## Task requirements:
Wherever an image appears in the entries, drop it and reproduce everything else exactly.

══ Supplied records ══

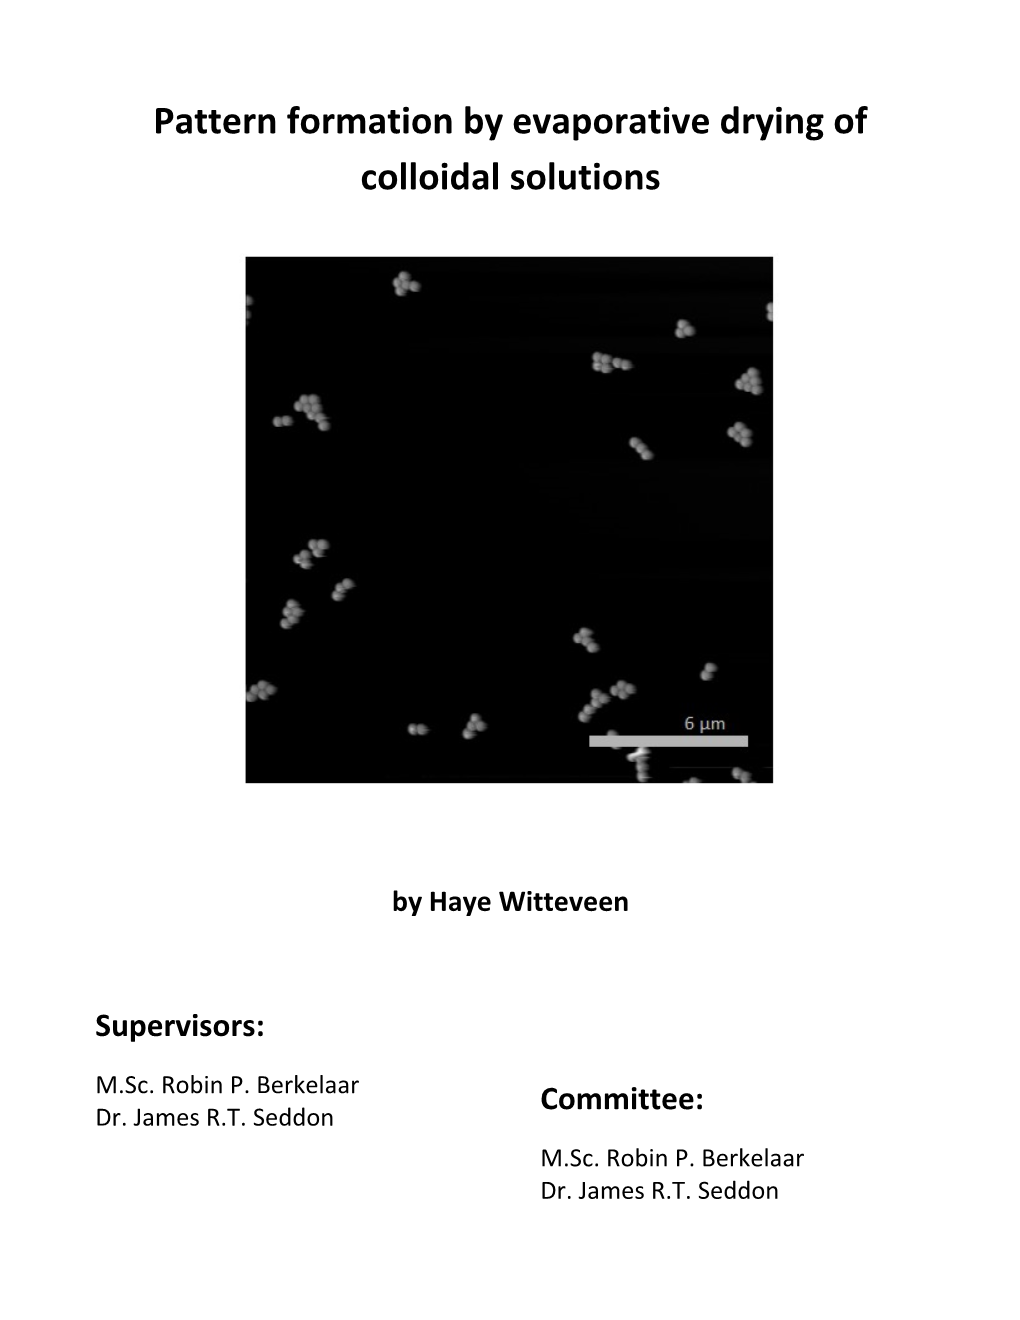 Pattern Formation by Evaporative Drying of Colloidal Solutions
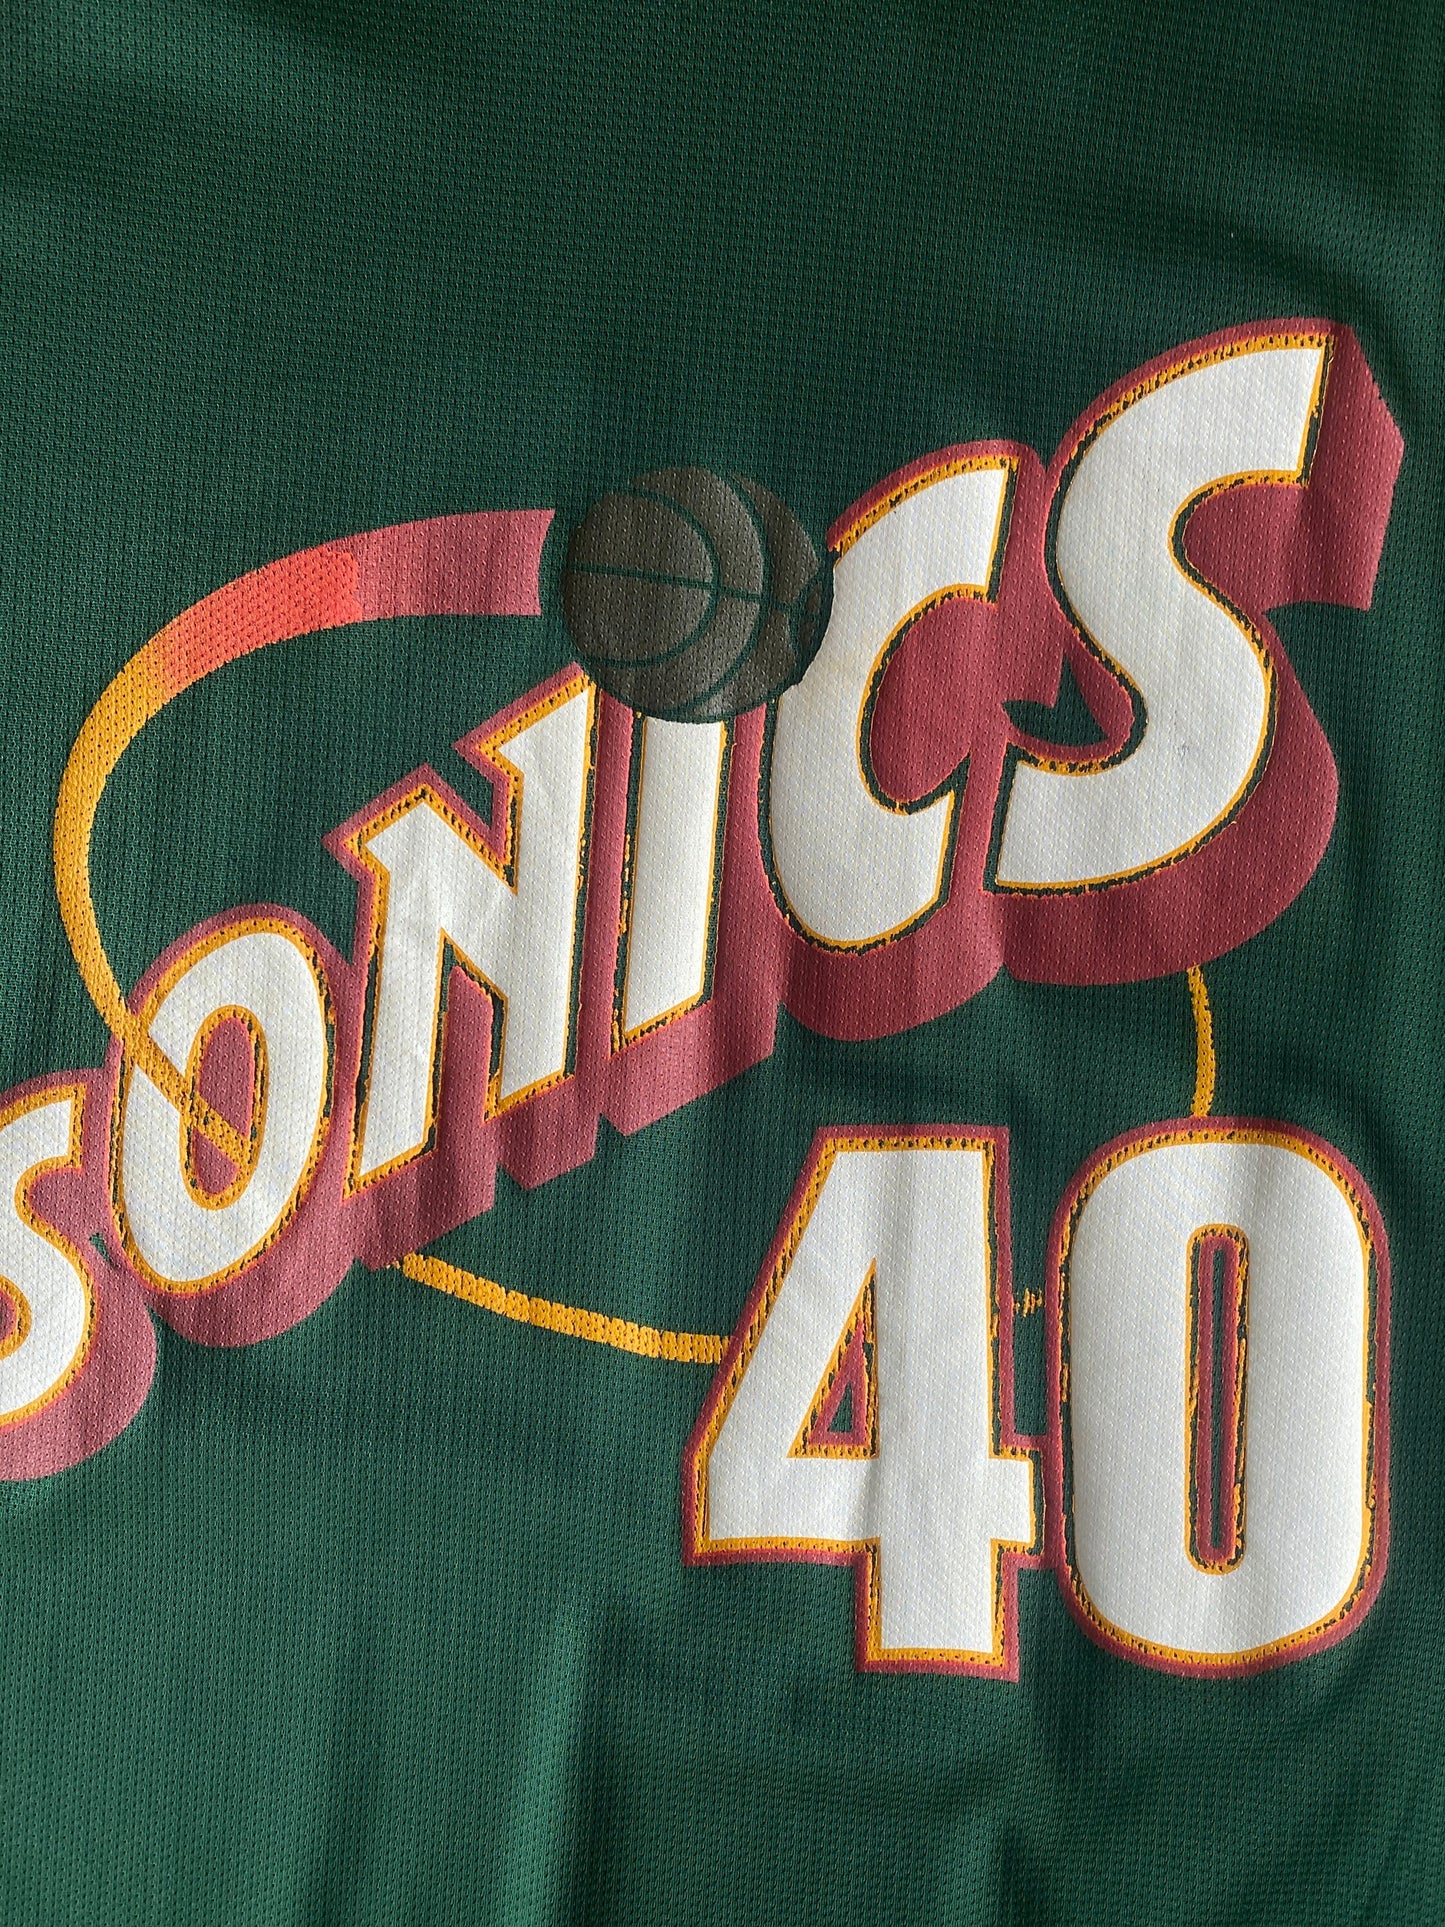 Vintage 90s NBA Champion Sonics Kemp #40 Jersey - Size 48 | Made in USA
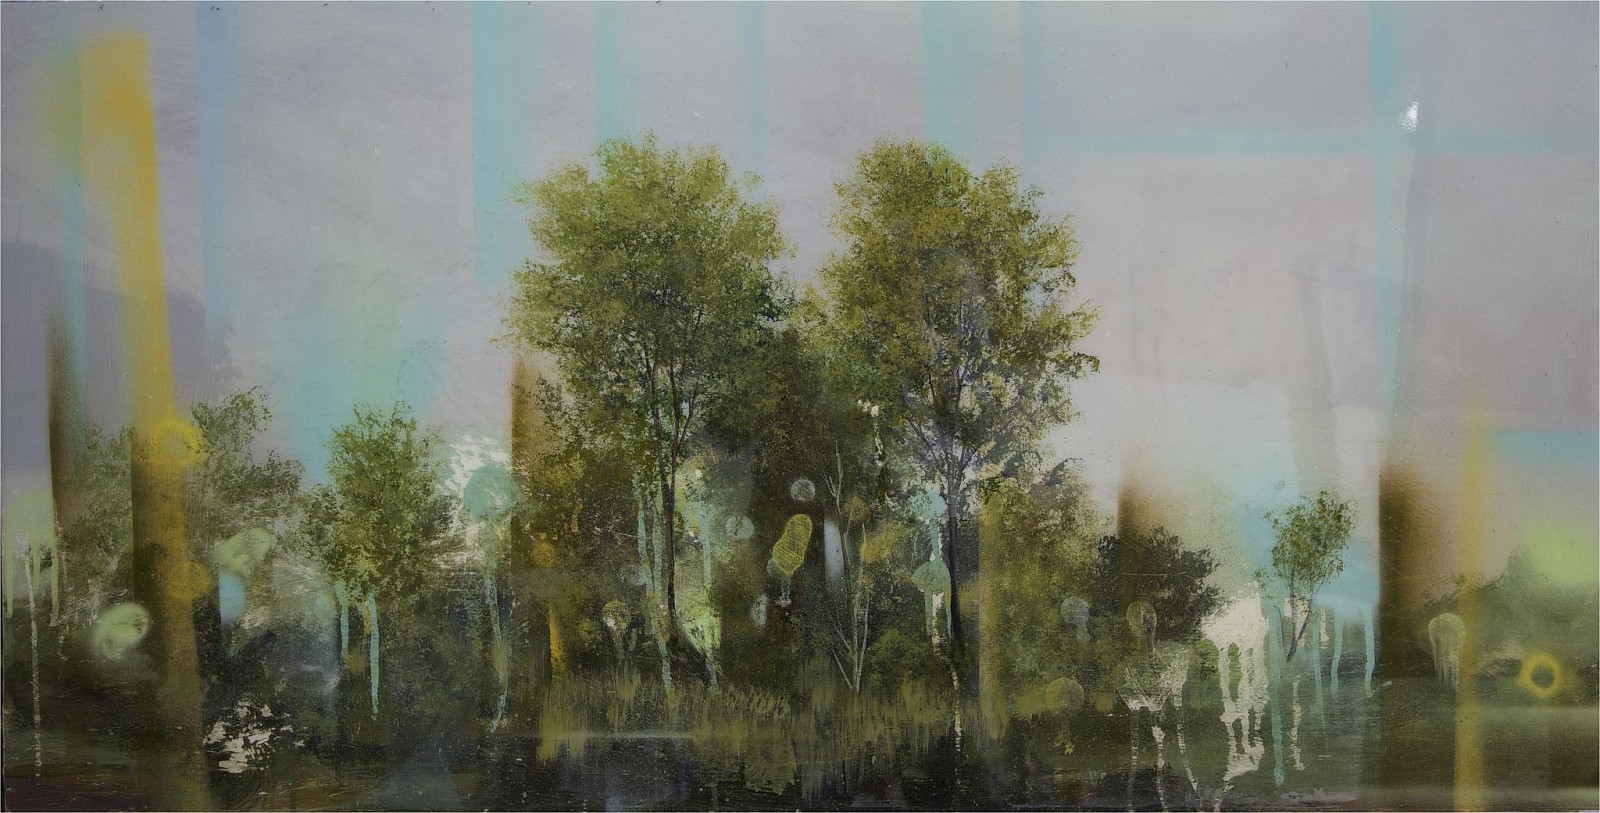 Peter Hoffer, Deux Arbres, 2015
Clay, Pigment, Epoxy on Panel, 24 x 48 in. (61 x 121.9 cm)
5561
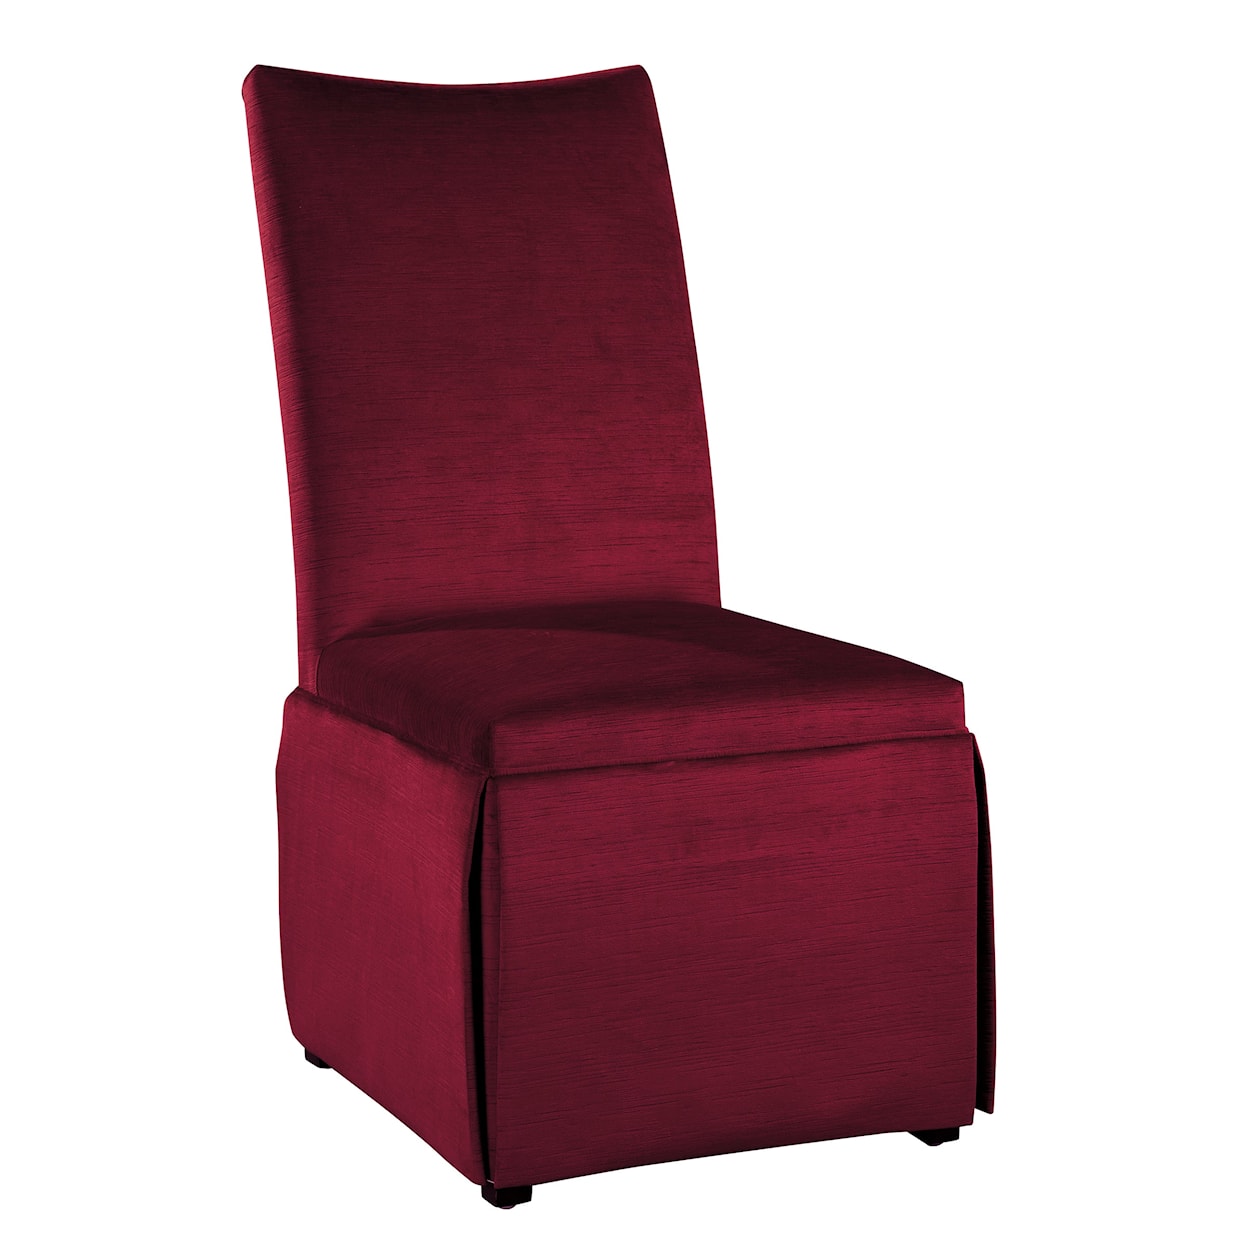 Hekman Upholstery Elise Dining Chair
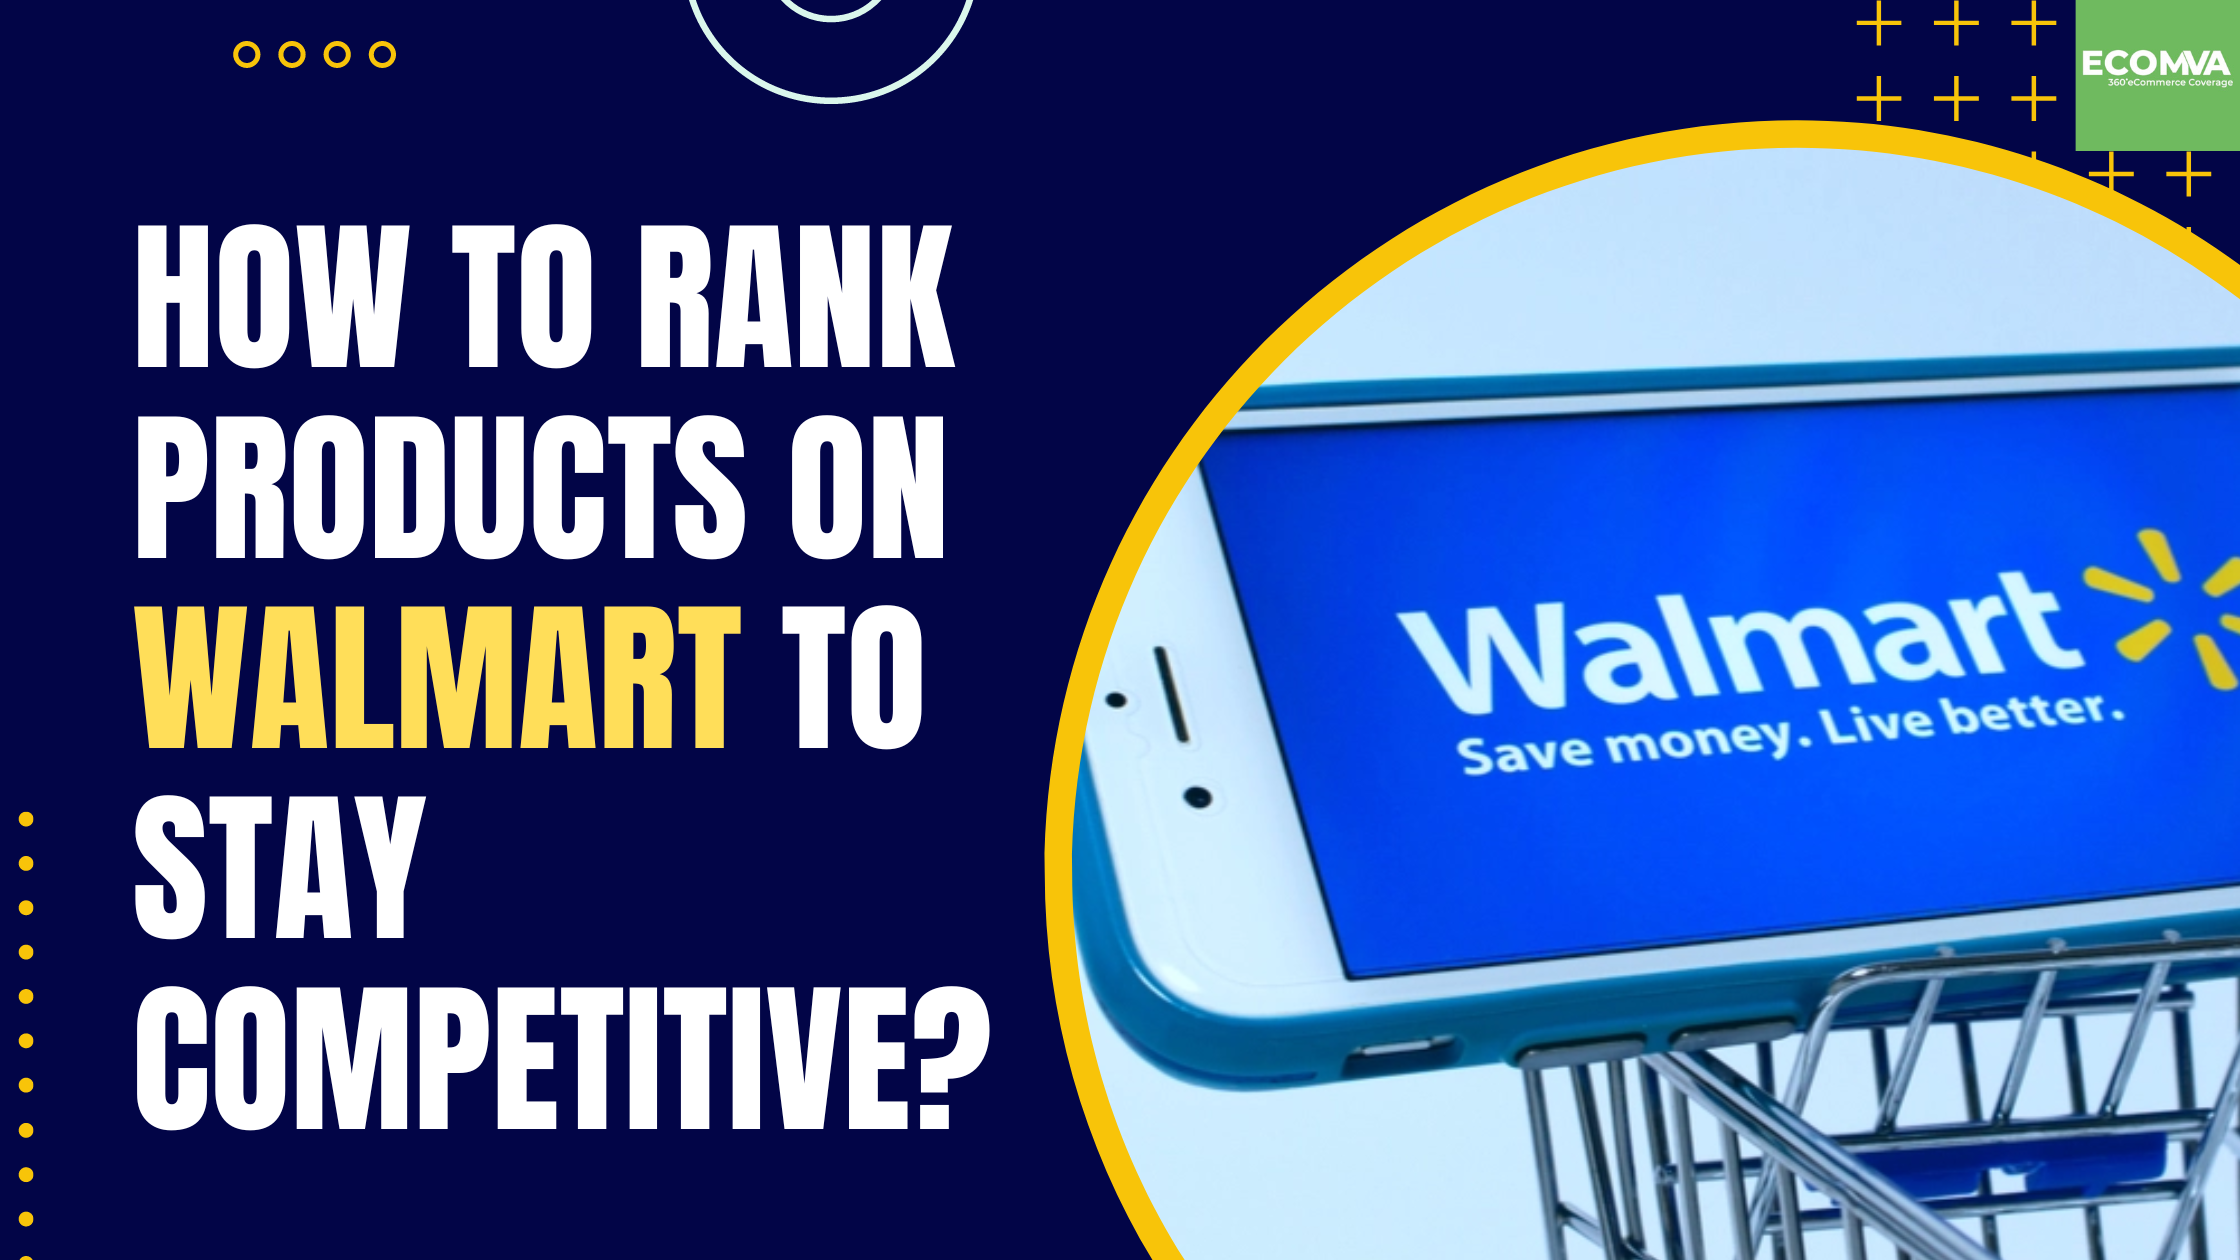 How To Rank Products On Walmart To Stay Competitive?

═══

## Solution below:
 Pattern Formation by Evaporative Drying of Colloidal Solutions
 Vintage 90s NBA Champion Sonics Kemp #40 Jersey - Size 48 | Made in USA
 Peter Hoffer, Deux Arbres, 2015
Clay, Pigment, Epoxy on Panel, 24 x 48 in. (61 x 121.9 cm)
5561
 Hekman Upholstery Elise Dining Chair
 How To Rank Products On Walmart To Stay Competitive?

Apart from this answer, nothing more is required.